Ridwan Kamil: Tidak ada Pergerakan di Jabar

Ridwan Kamil: Tidak ada Pergerakan di Jabar
Ridwan Kamil. ( Foto: Antara )
Adi Marsiela / FER Rabu, 22 Mei 2019 | 21:51 WIB

Bandung, Beritasatu.com - Gubernur Jawa Barat (Jabar), Ridwan Kamil, menyatakan, kondisi di wilayah dengan penduduk yang mencapai sedikitnya 46,5 juta jiwa secara umum aman.

"Tidak ada pergerakan di 27 kabupaten dan kota,” kata Ridwan di Gedung Pakuan, Bandung, Rabu (22/5/2019).

Pernyataan itu dia sampaikan usai berkoordinasi dengan Kepala Kepolisian Daerah (Kapolda) Jabar, Inspektur Jenderal Rudy Sufahriadi serta para bupati dan wali kota di wilayah Jabar. "Mereka menyatakan hal yang sama,” ujar Ridwan.

Terkait kondisi yang berkembang di sebagian titik di Jakarta, Ridwan mengungkapkan, sebaiknya semangat menyampaikan pendapat jangan dicederai dengan provokasi. Kondisi itu berdampak luas pada publik.

"Yang dirugikan masyarakat, tidak bisa kerja. Mobil terbakar, mereka yang meninggal dunia. Ada kesedihan mendalam jika proses berkompetisi tidak lewat hal yang konstitusional,” papar Ridwan.

Dia juga menyatakan duka cita mendalam terkait informasi meninggalnya seorang warga Depok akibat kericuhan di sekitar kantor Badan Pengawas Pemilu (Bawaslu), Jakarta.

"Dia juga warga Jabar.
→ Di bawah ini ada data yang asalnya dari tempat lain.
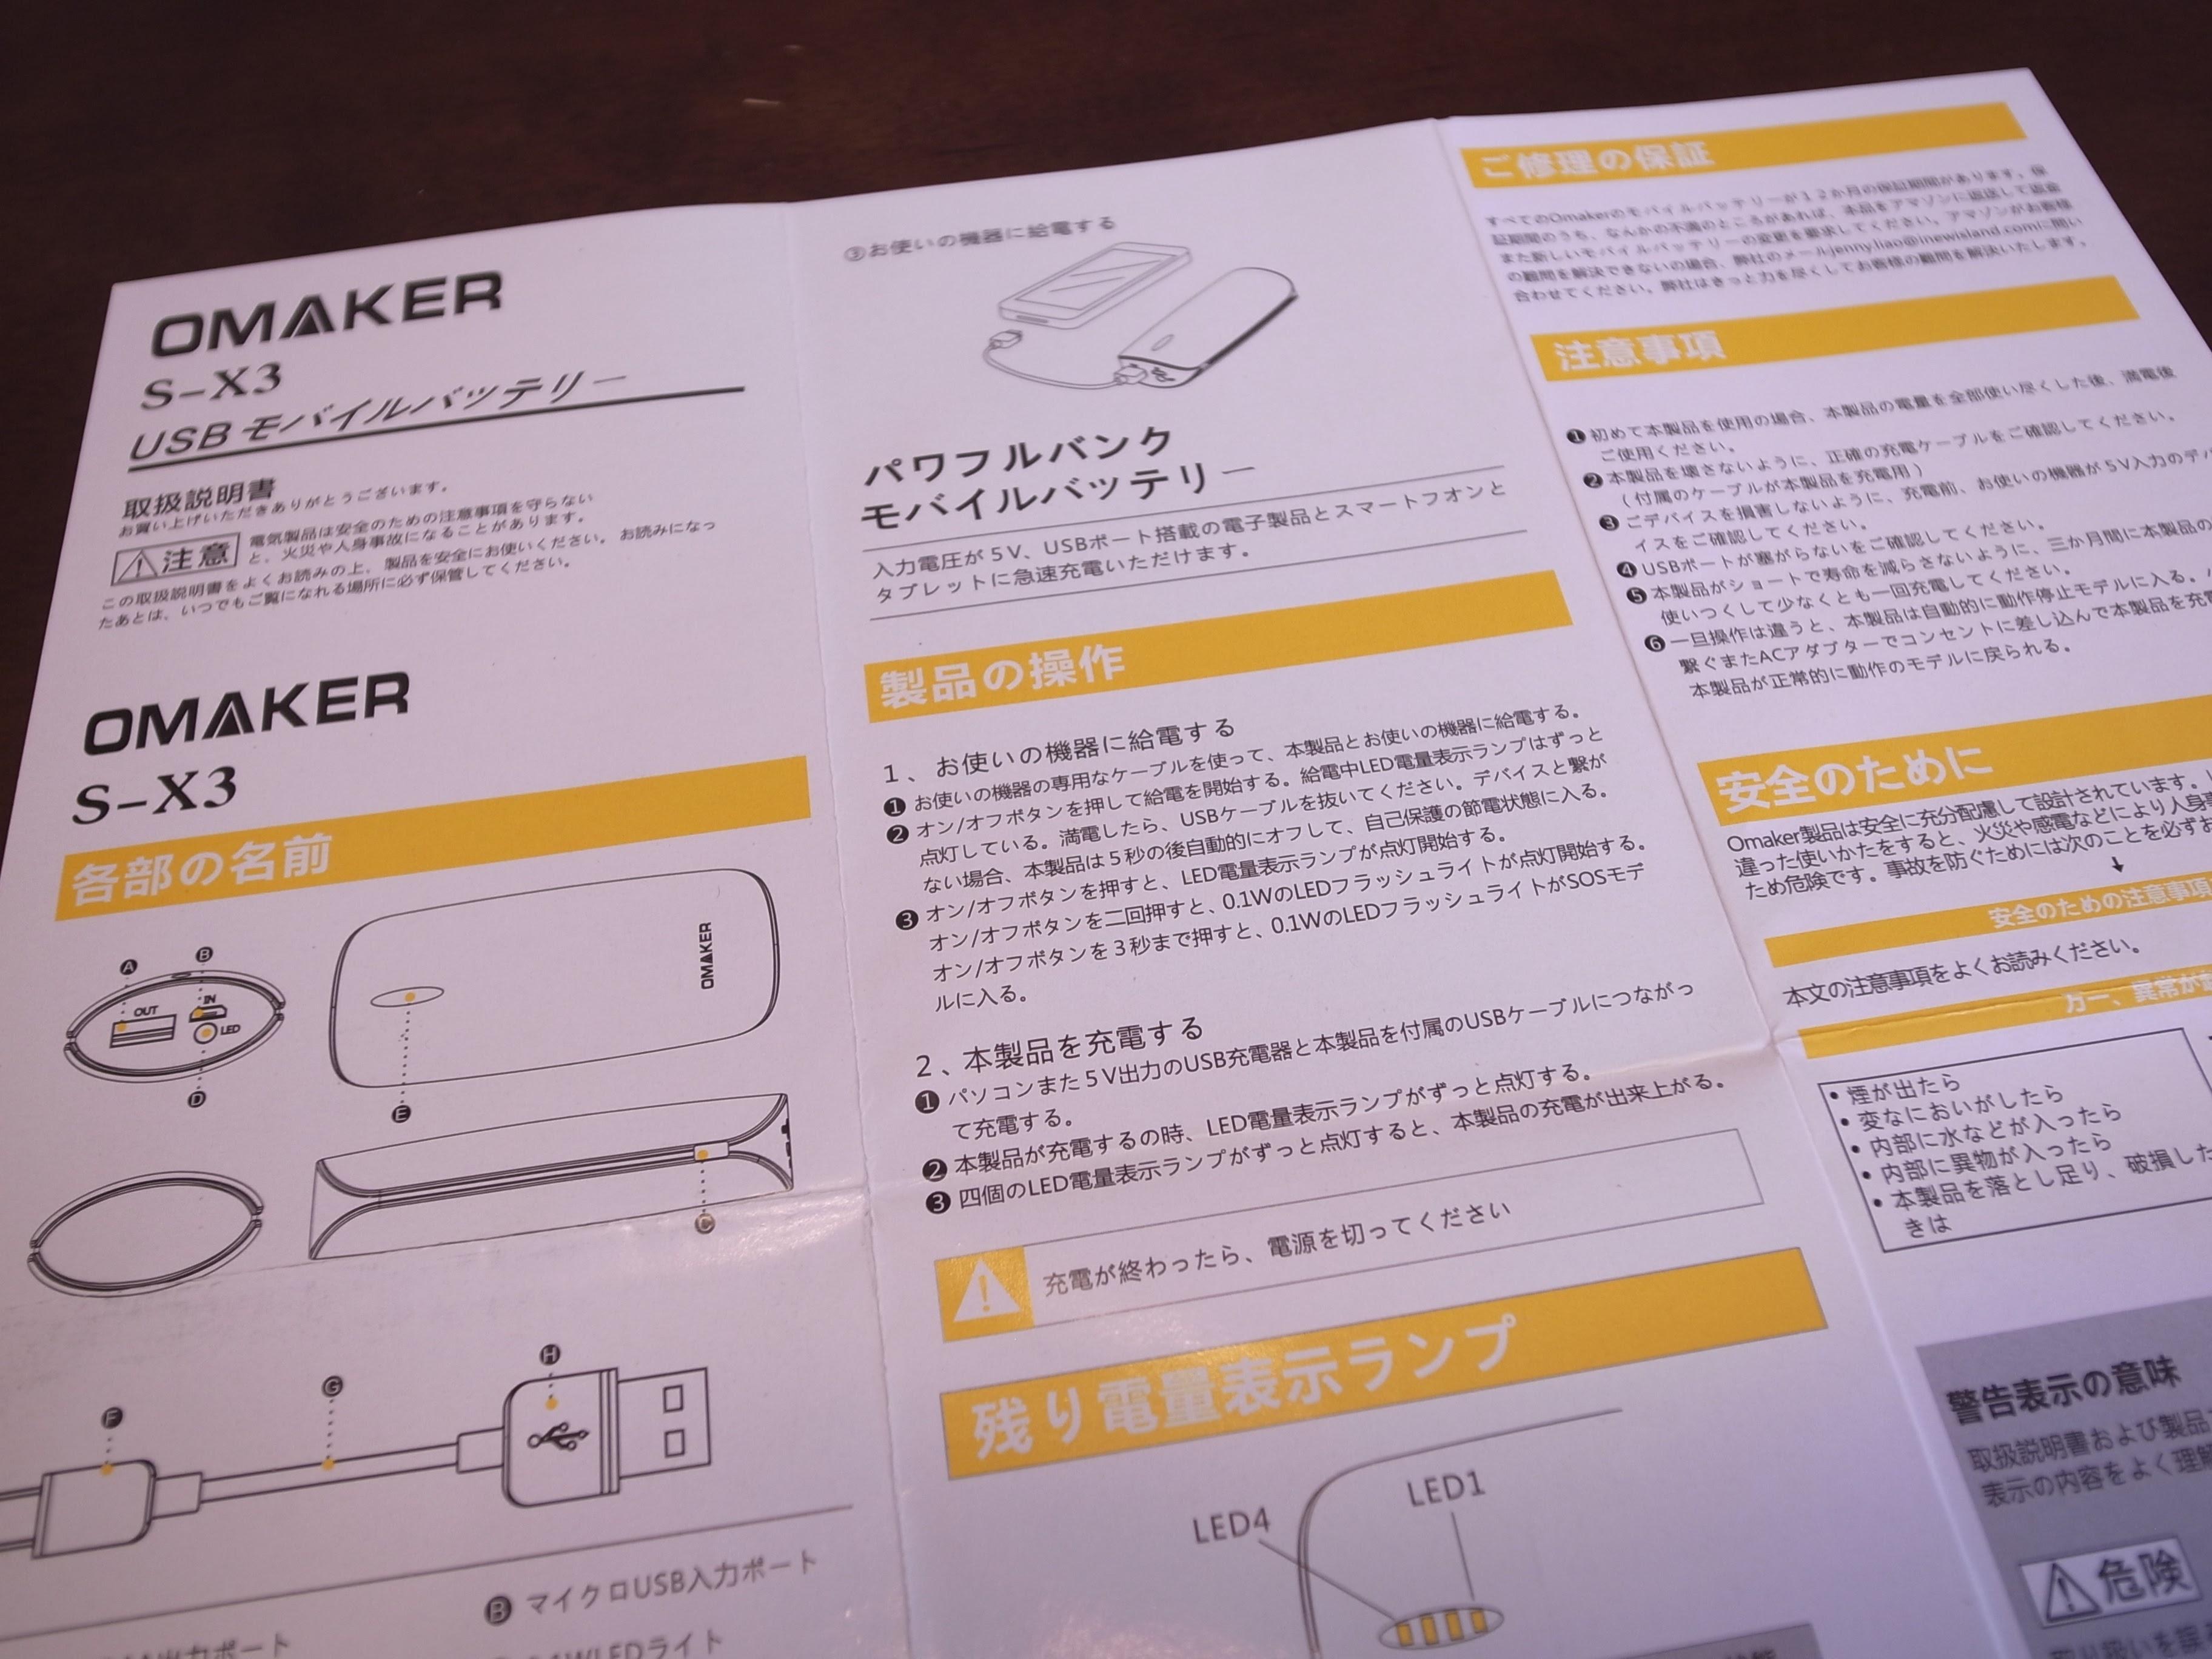 0830-201506_Omaker S-X3 01

Saya sudah mintakan protokoler mengirimkan bunga. Mudah-mudahan semua beres hari ini,,” tutur Ridwan.

Perkembangan situasi di Jakarta, sambung Ridwan, perlu mendapatkan perhatian semua pihak, termasuk media massa. Permintaannya ini terkait dengan maraknya disinformasi dan misinformasi yang beredar via media sosial. Dia meminta media massa untuk menjaga agar informasi yang diedarkan ke masyarakat bernada optimisme. "Memang breaking news itu anomali, ya bad news (yang disiarkan),” terangnya.

Ridwan berharap semua pihak bisa menjaga persatuan dan kesatuan. "Jangan pesimis melihat Indonesia. Masyarakat cenderung terbelah oleh pilihan duniawi dan butuh waktu panjang buat menjahitnya kembali," tambah Ridwan sembari mengingatkan perkembangan teknologi memiliki dampak positif dan negatif pada waktu berbarengan.